Singles were the dominant format for rock music prior to The Beatles. However, if my family is any indication, albums were dominant for non-rock. My parents had quite a few albums by the likes of Frank Sinatra, Frankie Laine, Burl Ives, Kay Starr, Billy Vaughn and his Orchestra, and many others. Early on, albums came in both 10" and 12" sizes, though after the early 50s, 12" records took over the market.
A decent sized album collection for my parents generation would have been maybe 50 - 60 albums. After The Beatles, album collections in the hundreds were pretty common. I myself had about 800, about 600 of which I still own.
I don’t know about country music. In the 50s, a lot of country singles were played on AM radio alongside rock and other music (rock didn’t own the show until after The Beatles), but I never cared enough about country to pay much attention. The audience for country music was fairly limited in the north, where I came from, except for some cross-over artists like Johnny Horton.
All classical music was on LPs, because of the length of the compositions. Prior to that, classical music came in actual albums of 78s (like photo albums, but containing records), which is where the term “album” came from in the first place.

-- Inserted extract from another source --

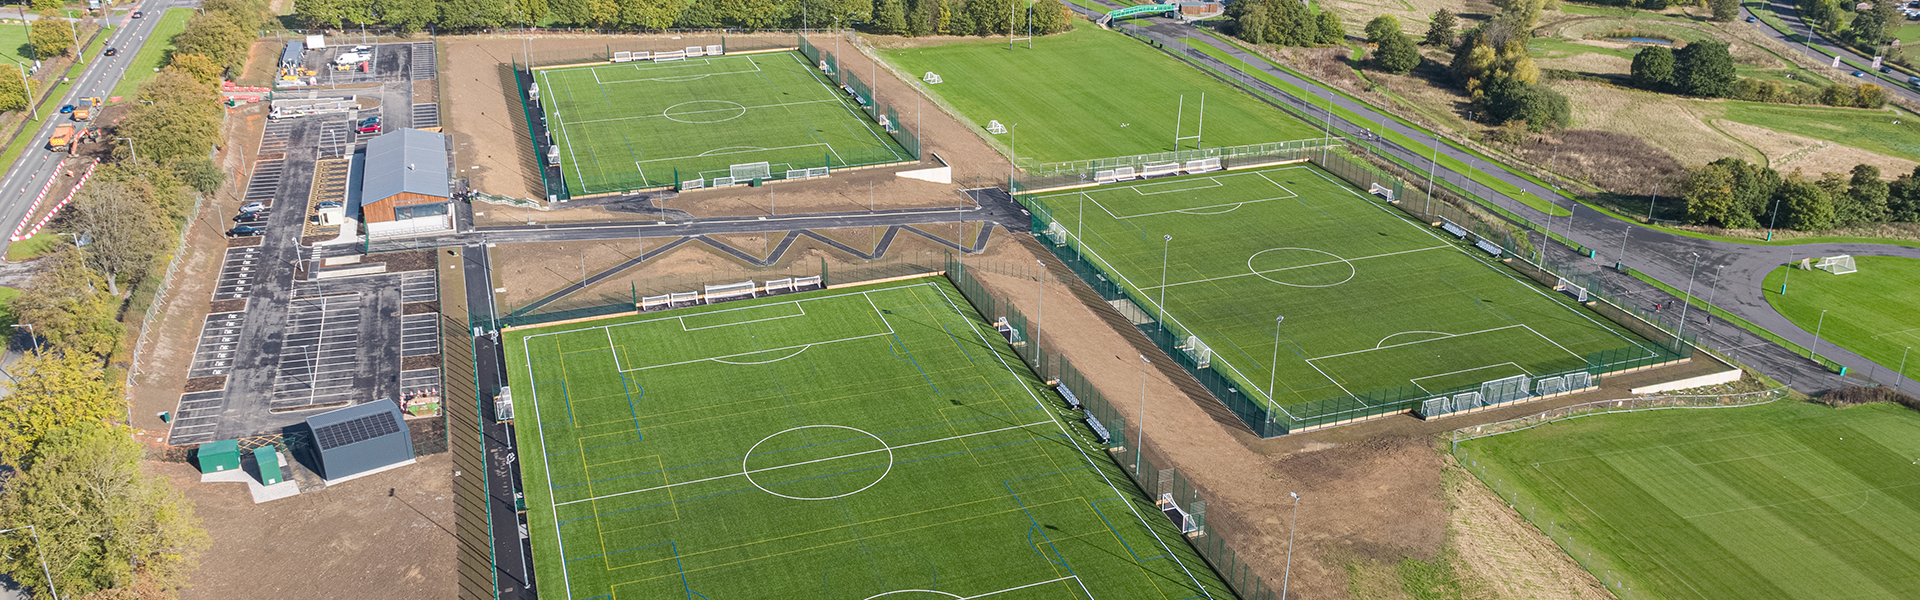 Bodington Football Hub pitches - drone view

Albums were smaller sellers for early rock because the going marketing idea was to release the album with a hit single or two plus a lot of filler. After The Beatles, who did good song after good song, there was increasing pressure to minimize the filler.
Rhetorical questions aren’t really meant to be answered, but thanks anyway.
Where would we be without rhetorical questions?
The concept is that a band besides the Beatles wrote and recorded the music, as already mentioned upthread. Not that the songs have a specific thread binding them together. It’s not a narrative album or a rock opera, like later concept albums, but that doesn’t mean it’s not significant. What it comes down to, literally, is the thought behind it. “Hey, guys, let’s do an album like this…” instead of their earlier process, which is that John and Paul wrote a bunch of songs, brought them in, worked on them, worked on them, recorded demos, worked some more, and then selected the best ones for the album (with no thought of song order or unification).
There’s a literal and an implied answer to that.